__Source data__.
++++

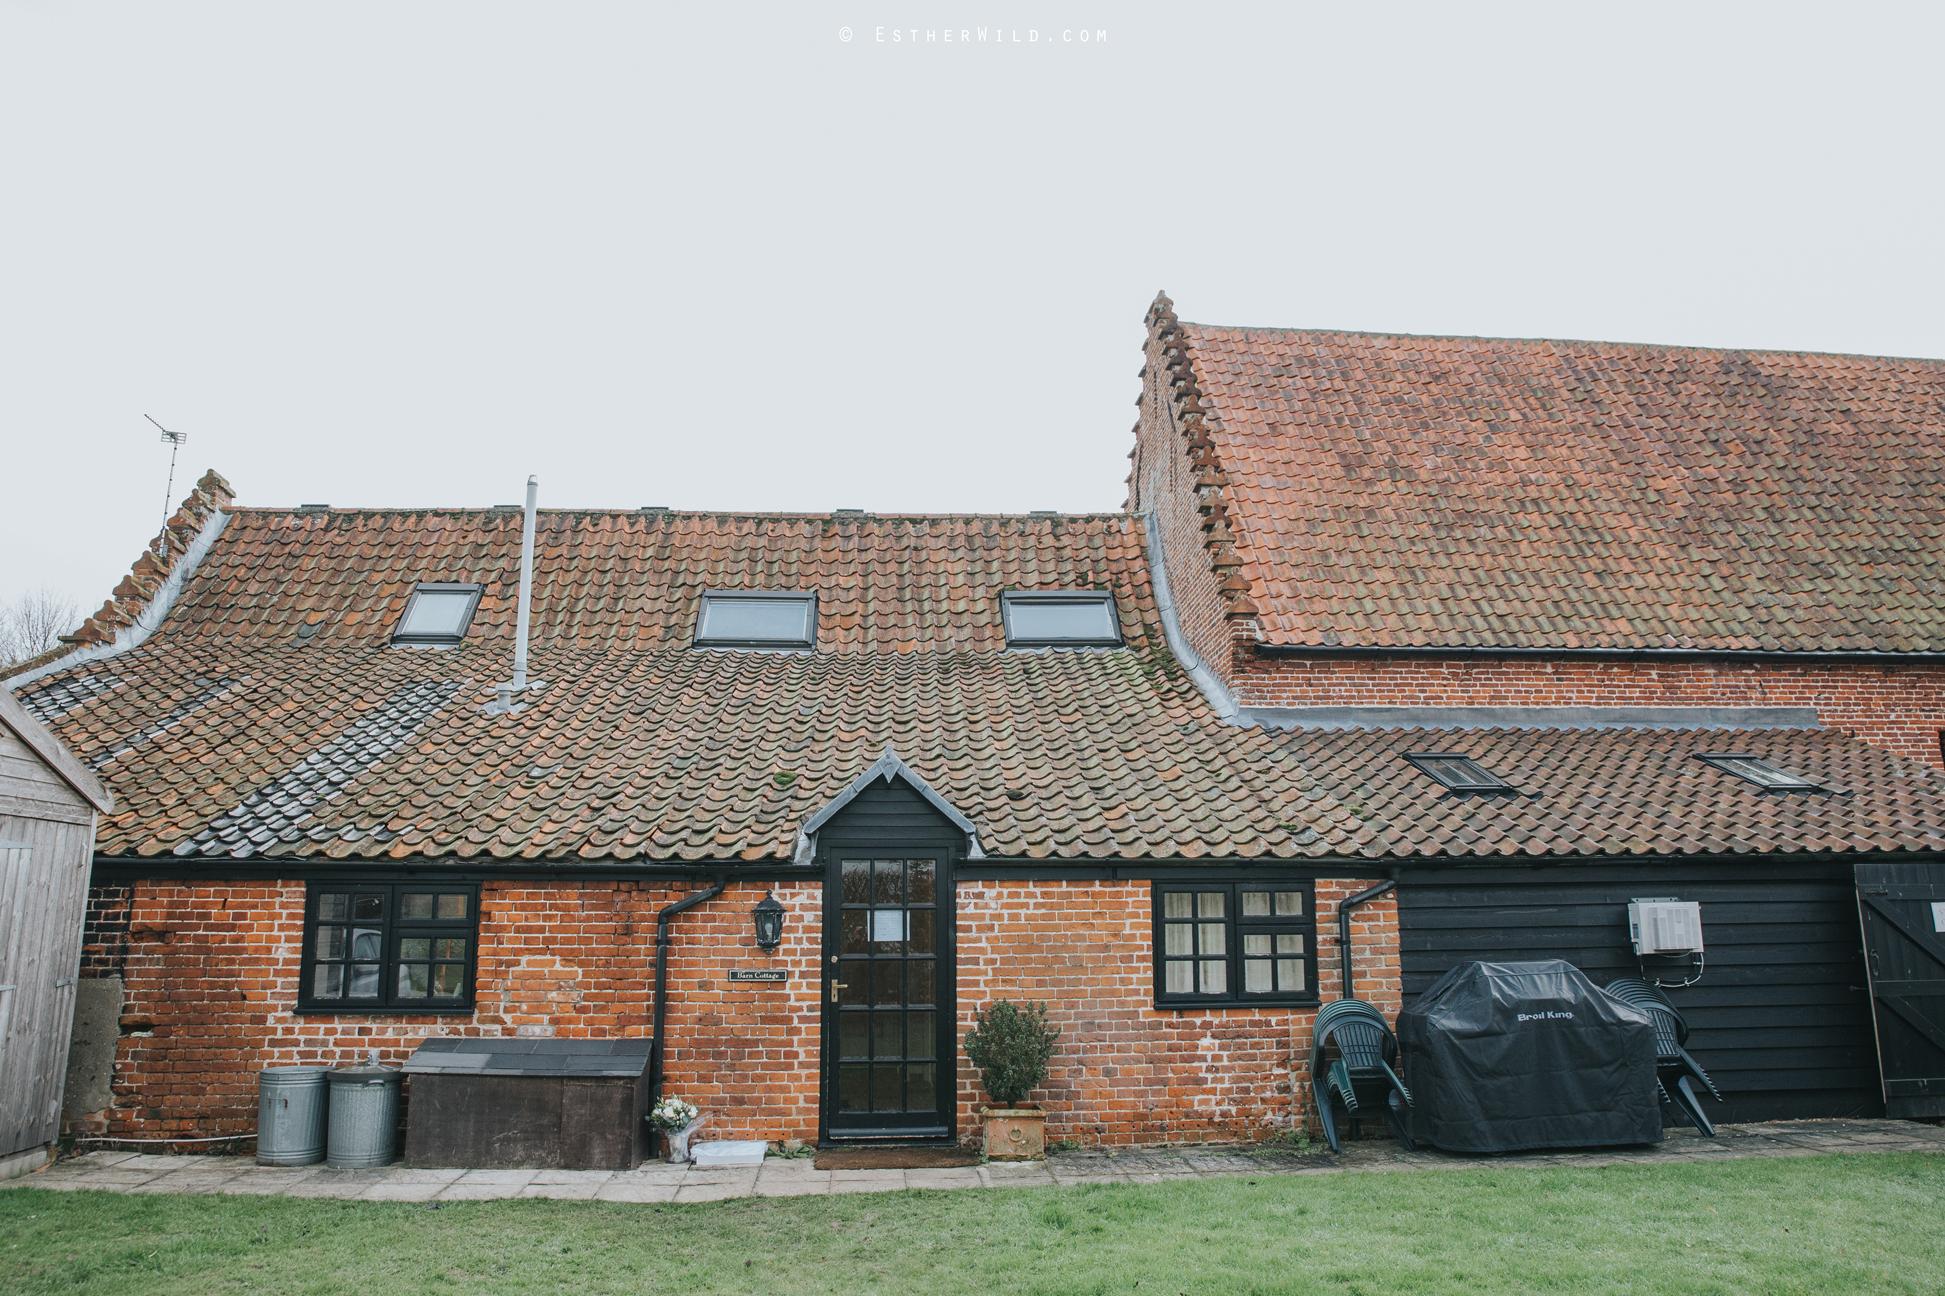 Elms_Barn_Weddings_Suffolk_Photographer_Copyright_Esther_Wild_IMG_0216.jpg
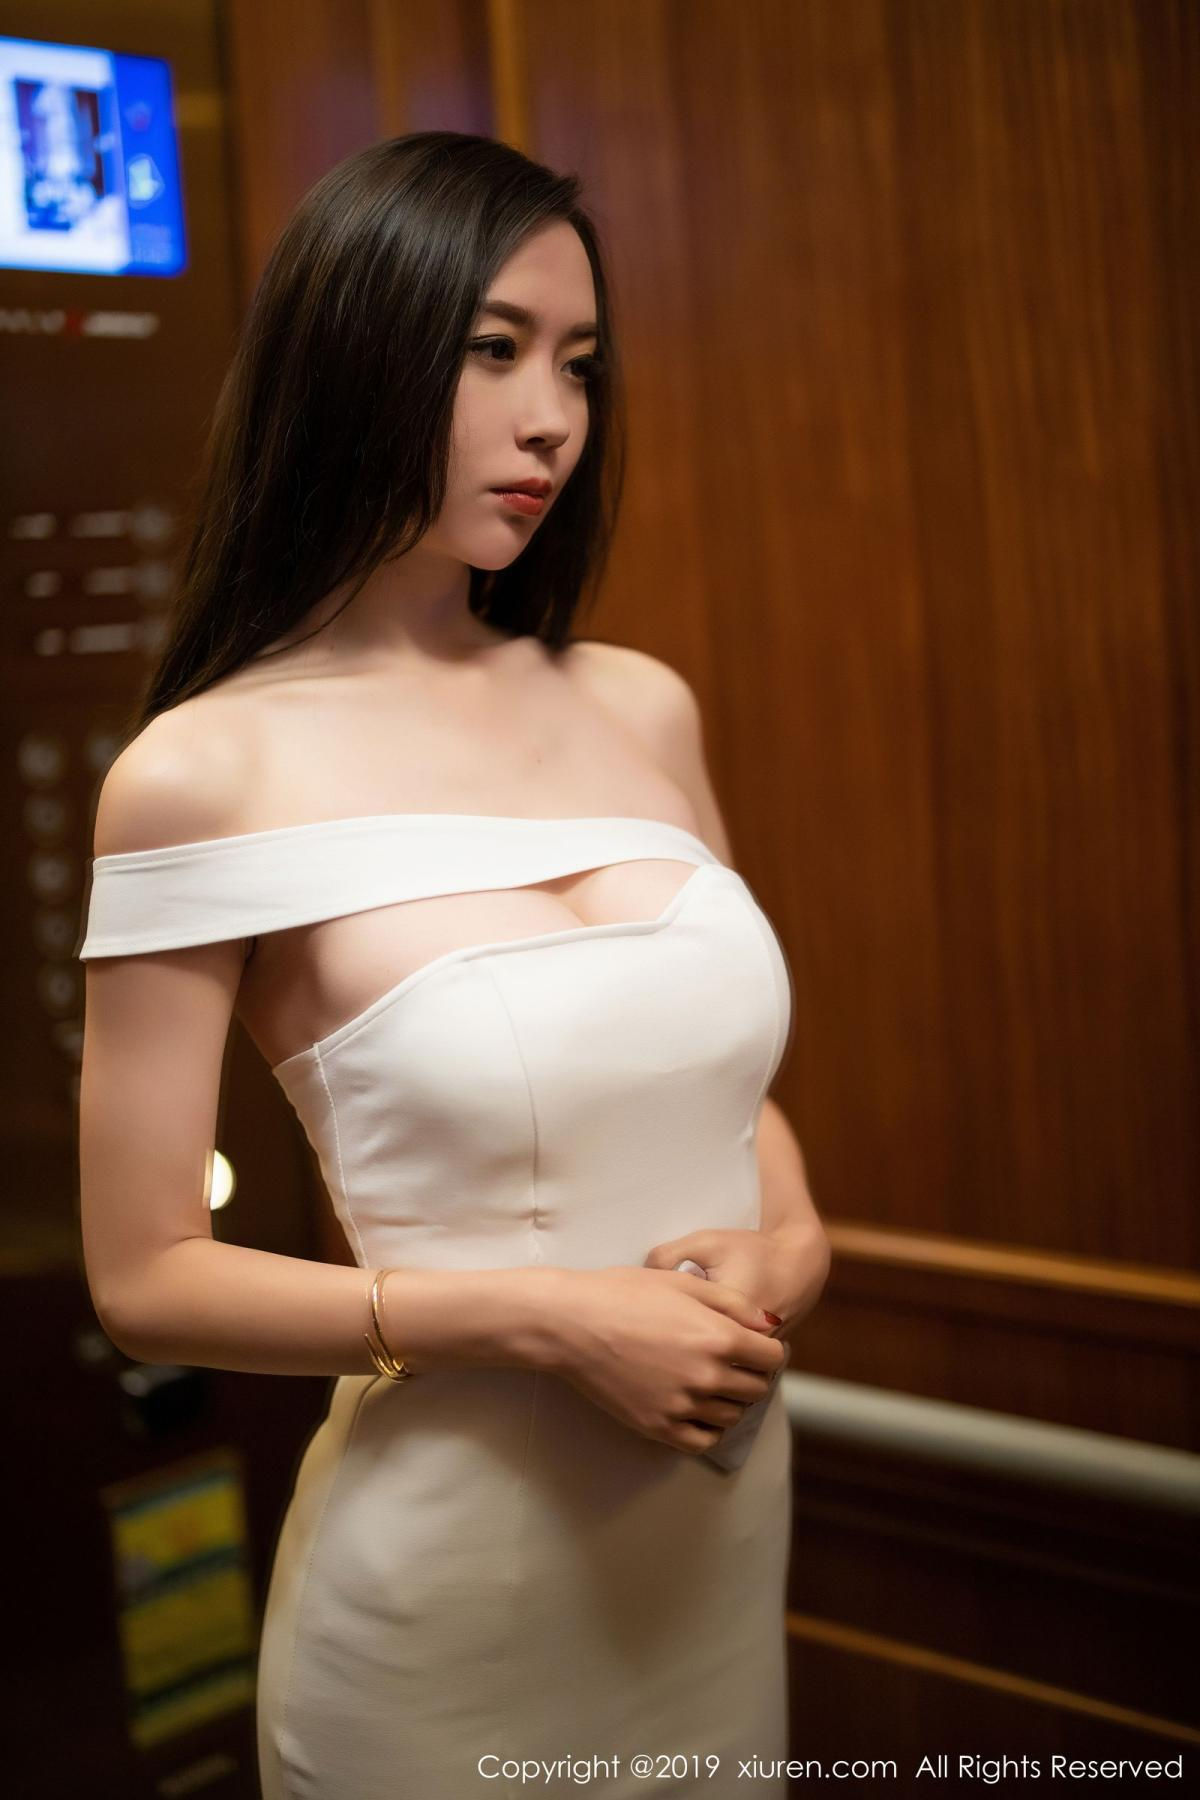 [XiuRen] Vol.1861 Meng Xin Yue 12P, Meng Xin Yue, Tall, Temperament, Uniform, Xiuren
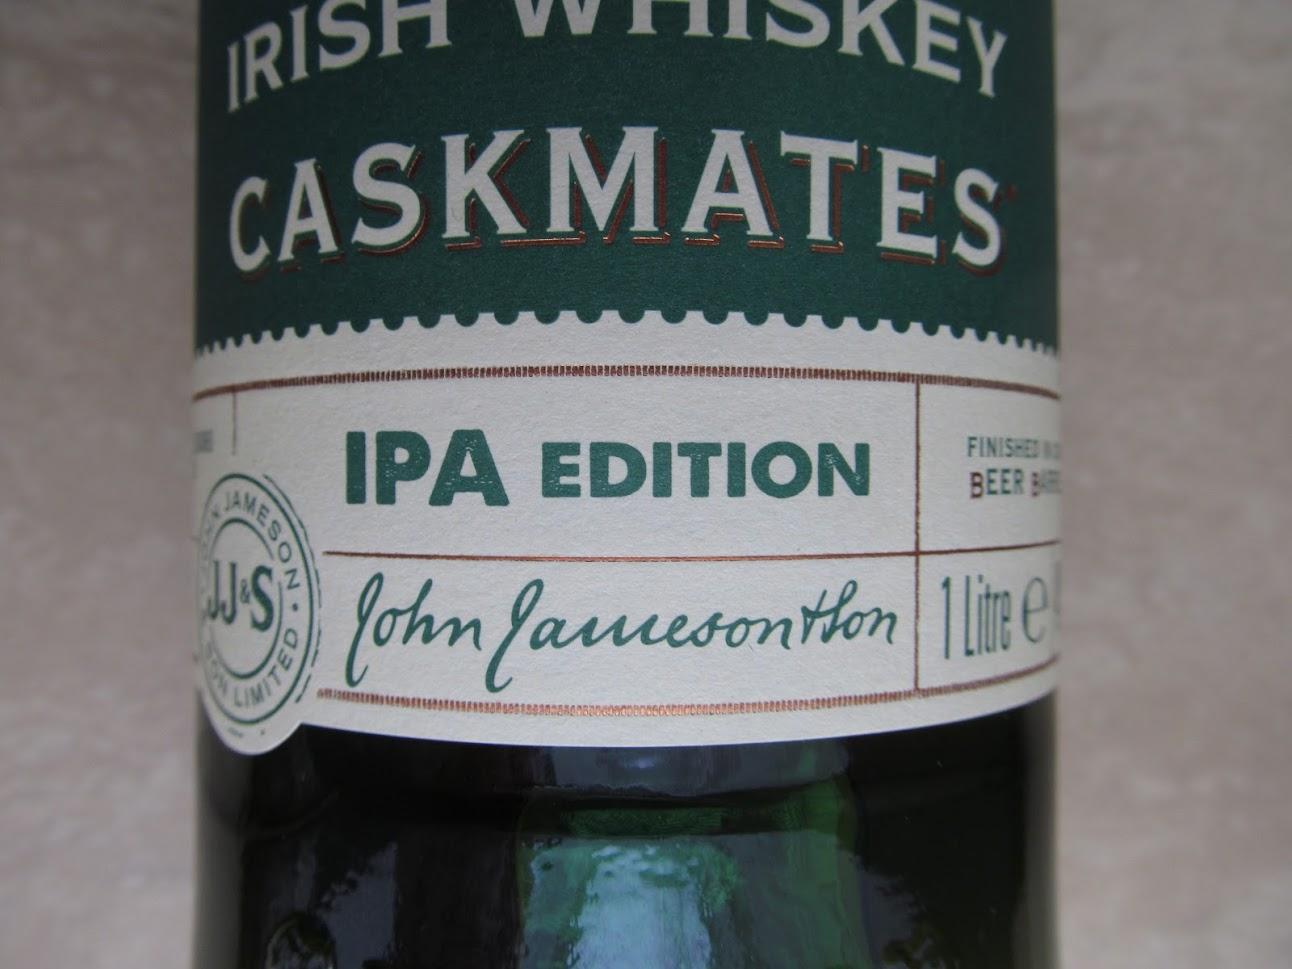 Jameson Caskmates - IPA

++++

Each line of the data above must be repeated exactly, images excluded.

 Elms_Barn_Weddings_Suffolk_Photographer_Copyright_Esther_Wild_IMG_0216.jpg
 [XiuRen] Vol.1861 Meng Xin Yue 12P, Meng Xin Yue, Tall, Temperament, Uniform, Xiuren
 Jameson Caskmates - IPA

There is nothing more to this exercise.